How could Philip of all people, who had responded with such enthusiastic faith at the beginning, be making a request like this at the end?
Jesus asked him, “do you not believe that I am in the Father, and the Father in me? The words that I speak to you I do not speak on my own authority; but the Father who dwells in me does the works. Believe me that I am in the Father and the Father in me, or else believe me for the sake of the works themselves” (v. 10-11). Phillip had already embraced Jesus as Messiah. Christ was urging him to take his faith to its logical conclusion.
If we were interviewing Phillip for the role to which Jesus called him, we might say, “he is out. You can’t make him one of the 12 most important people in the history of the world.”

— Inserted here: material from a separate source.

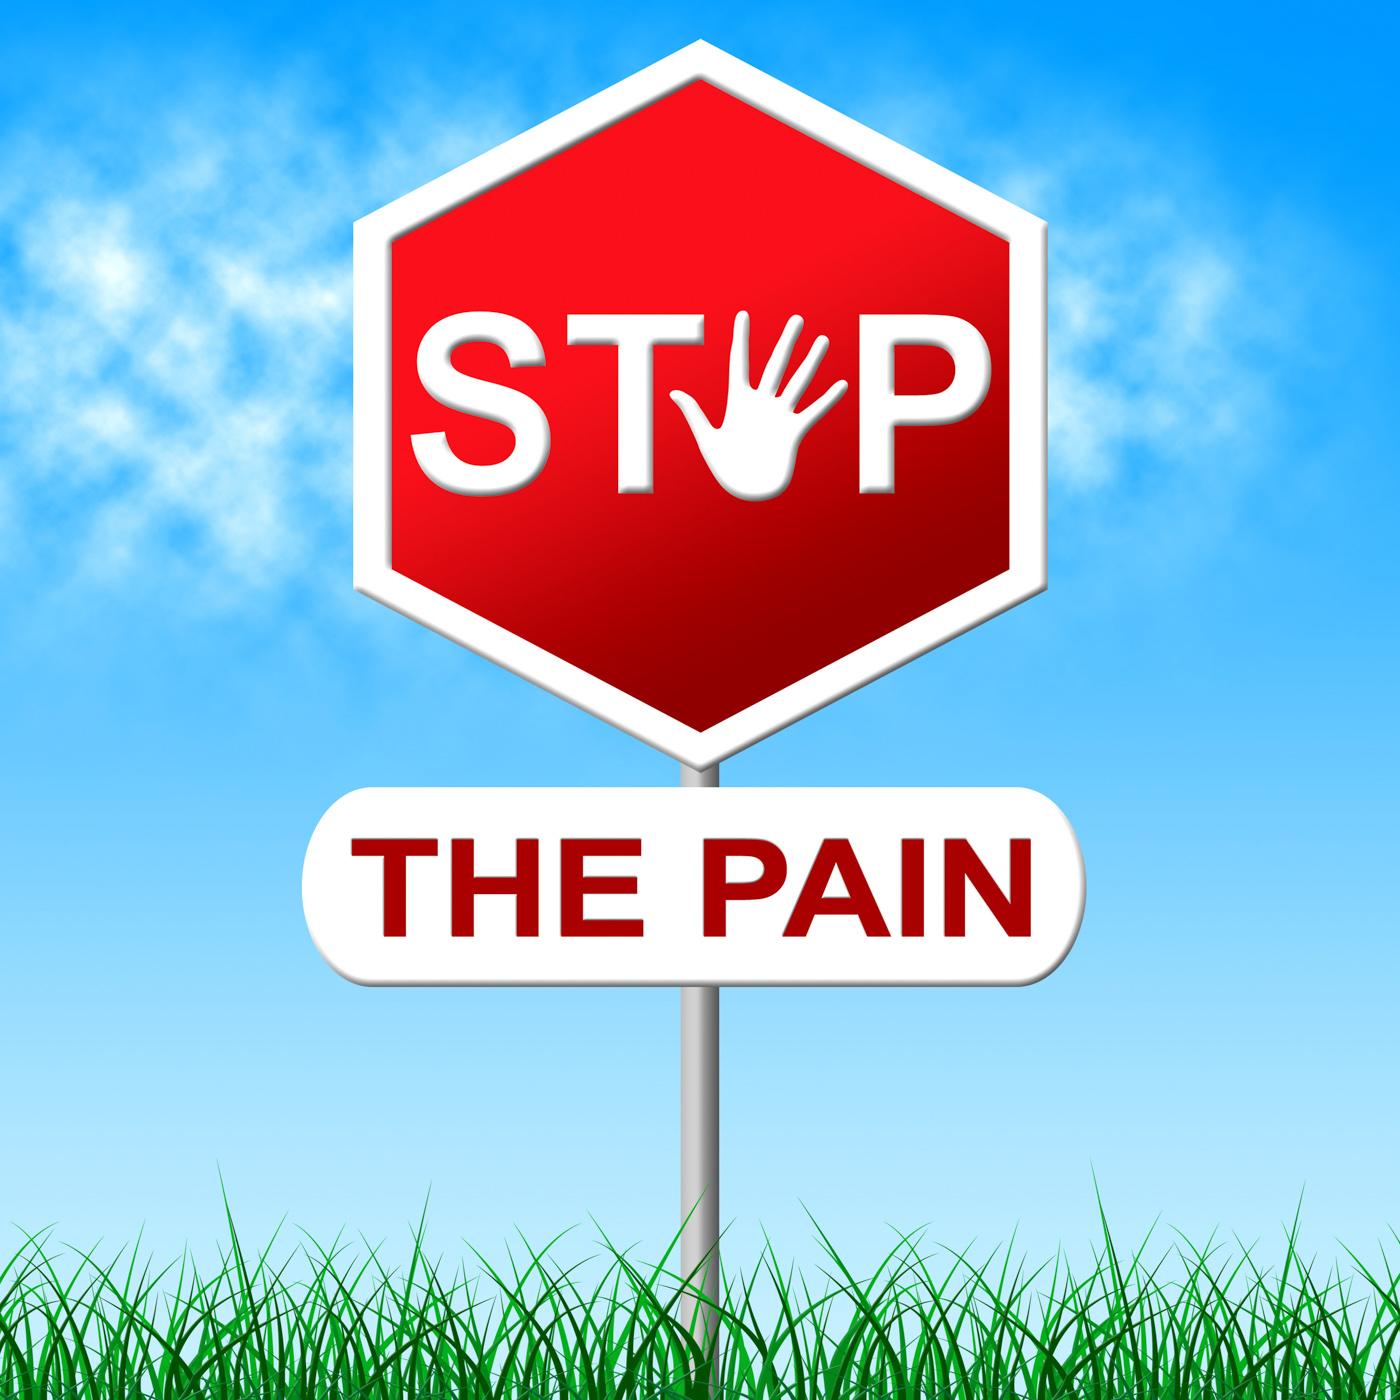 Stop Pain Means Torture Danger And Caution, Caution, Shootingpain, Warning, Torture, HQ Photo
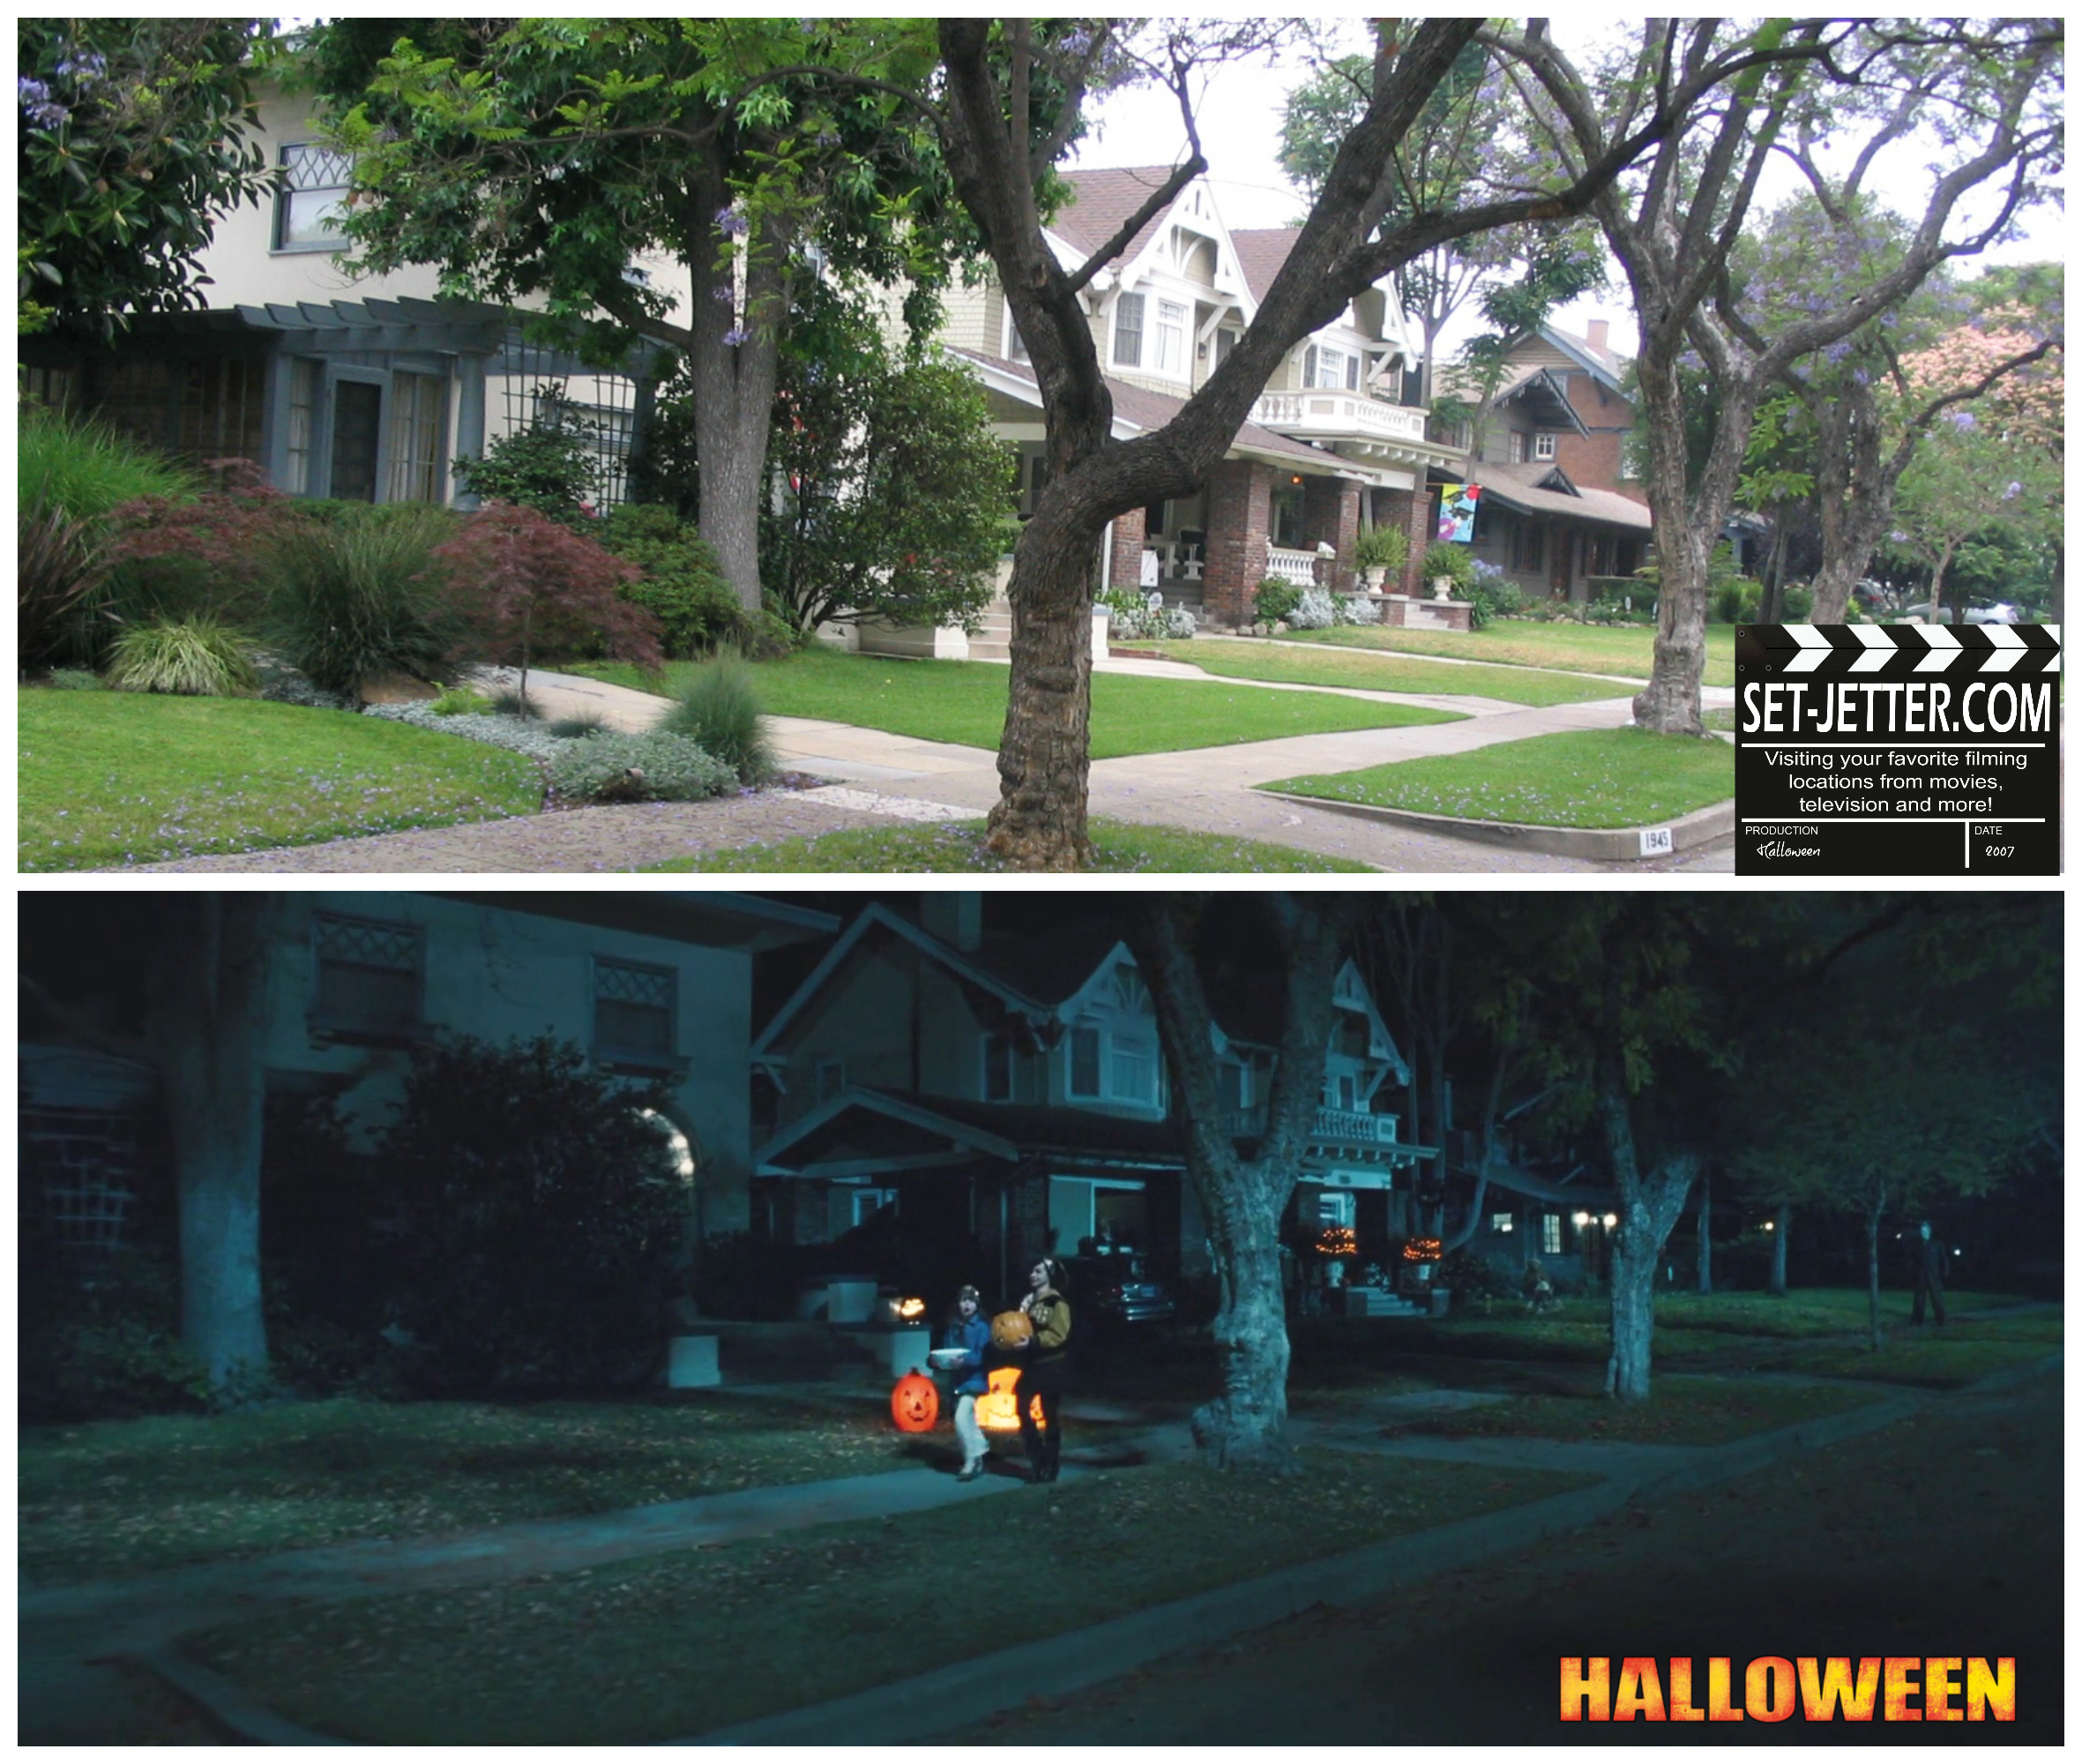 Halloween 2007 comparison 62.jpg

But Jesus said, “he is exactly what I’m looking for. My strength is made perfect in weakness. I’ll make him into a preacher. He’ll be one of the founders of the church. I will make him a ruler in the Kingdom and give him an eternal reward in heaven. And I will write his name on one of the 12 gates of the new Jerusalem.” Thankfully the Lord uses people like Phillip—lots of them.
Philip’s Evangelism
Tradition tells us that Phillip was greatly used in the spread of the early church and was among the first of the apostles to suffer martyrdom. By most accounts he was put to death by stoning at Heliopolis, in Phrygia (Asia Minor), eight years after the martyrdom of James. Before his death multitudes came to Christ under his preaching.
Phillip obviously overcame the human tendencies that so often hampered his faith, and he stands with the other apostles as proof that “God chose the foolish things of the world to shame the wise; God chose the weak things of the world to shame the strong. God chose the lowly things of this world and the despised things—and the things that are not—to nullify the things that are, so that no one may boast before him. (1 Corinthians 1: 27-29).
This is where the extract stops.